Stroke
Despite decades of study, there are few treatments for this devastating disease. Alberta researchers are studying stroke from many angles to improve stroke prevention, develop better treatments, and enhance recovery.
Story by Connie Bryson/Illustrations by Hugo Dubon
Stroke recovery
It is certainly not the way Dr. Bryan Kolb would have wanted it. But 25 years ago, in the midst of a successful career as a neuroscientist studying stroke, Dr. Kolb woke up unable to see the left side of his world. He had suffered a stroke. While the symptoms eventually improved, a blind spot in his vision is a constant reminder of the trauma in his brain. The experience changed many things about Dr. Kolb's life, including his approach to his research.
"Up until I had my stroke, I was interested in how the cerebral cortex (the part of the brain that controls thought, reasoning, memory, sensation, and movement) works and how stroke affects that," he explains. "I had never really thought about recovery from stroke. As soon as I needed treatment, I quickly realized that there wasn't anything available. That got me thinking about how researchers like myself should look at the ways we can make things better for patients."
At the time of Dr. Kolb's stroke, scientists were just beginning to understand the concept of plasticity in the brain, which is the ability of the brain to reorganize neural pathways based on new experiences. Without plasticity, we would never be able to learn. Dr. Kolb saw plasticity as key to better recovery and improvement after stroke.

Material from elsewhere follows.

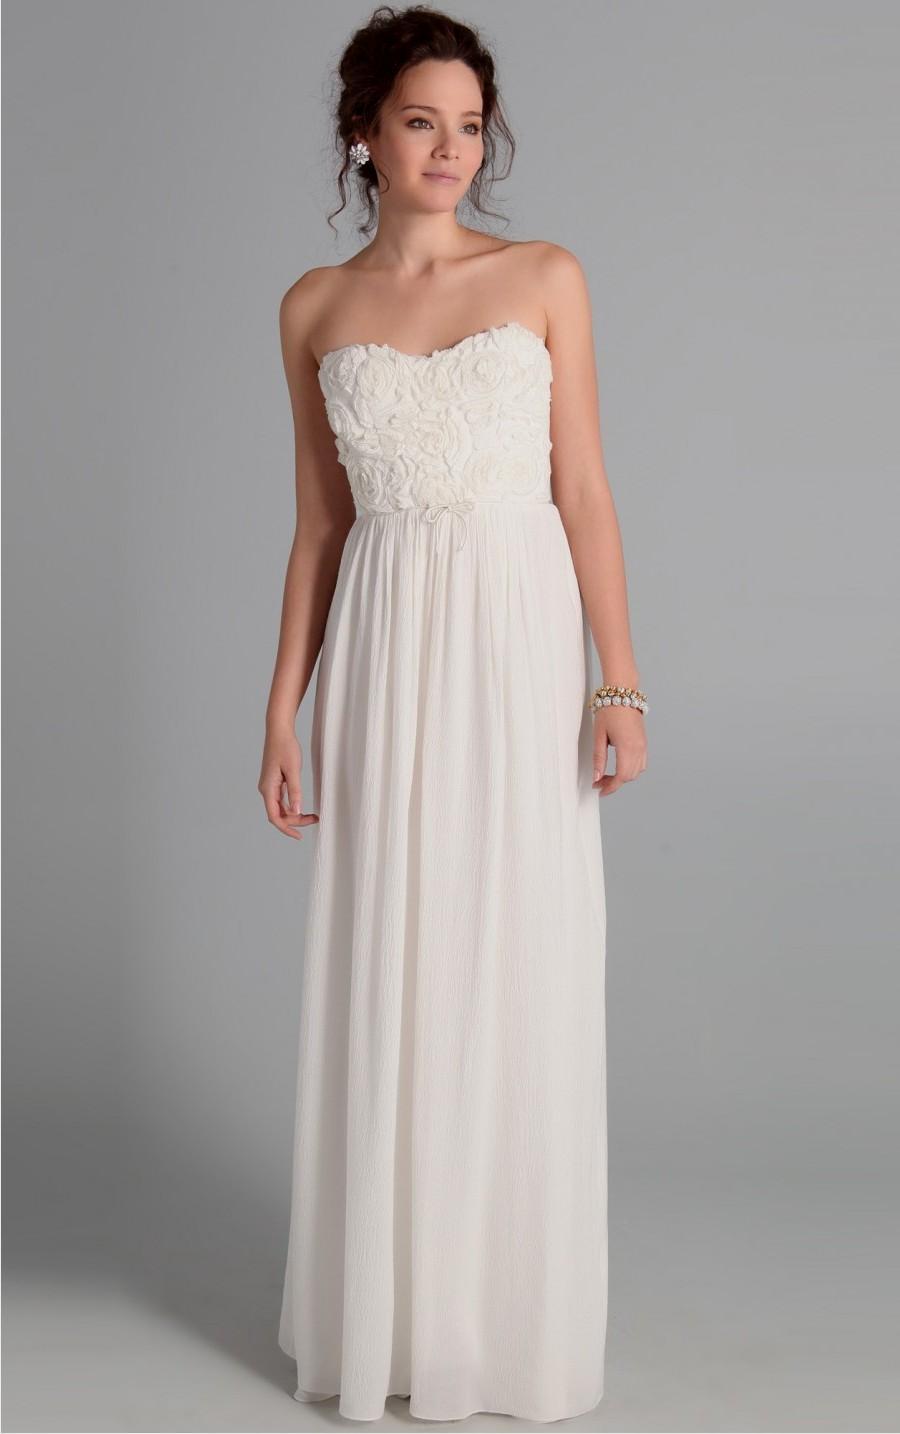 5cdd240eec54 casual white maxi dresses Naf Dresses

His research focuses on how neurons (nerve cells) in the cerebral cortex reorganize in response to injury, such as stroke. In particular, Dr. Kolb studies how these changes affect behaviour, a scientific discipline known as behavioural neuroscience. The University of Lethbridge's Canadian Centre for Behavioural Neuroscience, where Dr. Kolb is based, is internationally recognized for research in this field.
Dr. Kolb studies recovery from stroke in rats. He compares various treatments to a treatment called complex housing—the very best treatment for stroke in rats. Complex housing involves placing the animals in an enriched environment that changes frequently and features a lot of toys and social interaction. "It is most effective to have rats in these complex environments 24/7," explains Dr. Kolb. "The equivalent in humans would probably be intensive multidisciplinary therapy for many hours a day with physical therapists, occupational therapists, and psychologists. This is obviously impractical. The question becomes what can we do that gets us close to the outcomes we get with intensive therapy?"
Dr. Kolb's team has shown that nicotine is very effective at stimulating the growth of new connections between neurons. A range of studies in infant and adult rats has shown that, as long as the strokes aren't too big, nicotine (which is administered by injection) will improve outcomes. Results are even better if nicotine is combined with complex housing. Working with Dr. Sam Weiss (who receives support from Alberta Innovates – Health Solutions) at the University of Calgary, Dr. Kolb has also had success using neural stem cells for stroke treatment in rats.
In recent years, Dr. Kolb has pushed his team to go beyond demonstrating behavioural changes to gaining a scientific understanding of why behaviour changes. This has led to a focus on genetics in his lab. For example, by determining how complex housing affects genes, it might be possible to figure out why the treatment works so well. Knowing what genes are turned on and off could be the basis of powerful treatments that target these genes.
"A colleague of mine has estimated that it takes about 30 to 40 years for a discovery in stroke research to translate into something useful for patients,” says Dr. Kolb. “I believe that what’s slowing things down is the lack of a scientific basis for stroke treatment, and as a result we don’t understand why treatments work or why they don’t work. This is unacceptable for such a devastating disease."